» **Excerpts from a dataset**
★ ★ ★ ★ ★ ★ ★

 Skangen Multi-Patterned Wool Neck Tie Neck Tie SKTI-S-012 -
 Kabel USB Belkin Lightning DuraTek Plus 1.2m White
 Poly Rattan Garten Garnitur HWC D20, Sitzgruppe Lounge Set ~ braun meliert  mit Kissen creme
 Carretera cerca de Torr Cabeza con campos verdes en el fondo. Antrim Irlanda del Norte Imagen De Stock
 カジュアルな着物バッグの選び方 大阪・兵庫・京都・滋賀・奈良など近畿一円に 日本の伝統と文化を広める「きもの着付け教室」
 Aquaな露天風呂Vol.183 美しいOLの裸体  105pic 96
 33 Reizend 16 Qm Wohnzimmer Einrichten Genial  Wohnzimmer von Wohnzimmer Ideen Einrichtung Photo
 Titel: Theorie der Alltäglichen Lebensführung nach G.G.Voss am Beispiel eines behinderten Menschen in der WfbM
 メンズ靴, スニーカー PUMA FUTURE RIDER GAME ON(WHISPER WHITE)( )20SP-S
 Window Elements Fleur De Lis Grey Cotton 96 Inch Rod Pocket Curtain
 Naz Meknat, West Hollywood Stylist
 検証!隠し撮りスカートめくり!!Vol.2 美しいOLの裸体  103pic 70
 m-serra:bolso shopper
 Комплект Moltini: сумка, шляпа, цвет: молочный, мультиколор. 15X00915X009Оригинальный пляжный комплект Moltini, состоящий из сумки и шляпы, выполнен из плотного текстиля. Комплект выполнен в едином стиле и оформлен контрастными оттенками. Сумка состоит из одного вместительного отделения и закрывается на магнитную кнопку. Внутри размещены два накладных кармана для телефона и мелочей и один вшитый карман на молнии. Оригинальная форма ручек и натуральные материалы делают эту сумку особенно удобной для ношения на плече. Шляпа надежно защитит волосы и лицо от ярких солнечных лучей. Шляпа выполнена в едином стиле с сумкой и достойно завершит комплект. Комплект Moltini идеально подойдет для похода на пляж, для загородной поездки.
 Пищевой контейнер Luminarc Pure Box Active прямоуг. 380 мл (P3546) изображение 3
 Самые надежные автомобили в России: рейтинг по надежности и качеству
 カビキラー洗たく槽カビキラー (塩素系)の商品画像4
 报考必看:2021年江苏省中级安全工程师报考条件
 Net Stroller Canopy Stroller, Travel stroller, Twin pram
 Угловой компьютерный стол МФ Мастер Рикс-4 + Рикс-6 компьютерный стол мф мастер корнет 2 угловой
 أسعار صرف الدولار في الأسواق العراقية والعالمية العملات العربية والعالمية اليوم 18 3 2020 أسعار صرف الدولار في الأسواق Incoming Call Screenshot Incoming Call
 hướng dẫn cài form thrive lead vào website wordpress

★ ★ ★ ★ ★ ★ ★

» **Assignment**
The lines to extract from the data above begin with the line containing "Naz Meknat, West Hollywood Stylist" and end with the line containing "m-serra:bolso shopper". Extract them exactly, including both.

» **Answer to this exercise**
 Naz Meknat, West Hollywood Stylist
 検証!隠し撮りスカートめくり!!Vol.2 美しいOLの裸体  103pic 70
 m-serra:bolso shopper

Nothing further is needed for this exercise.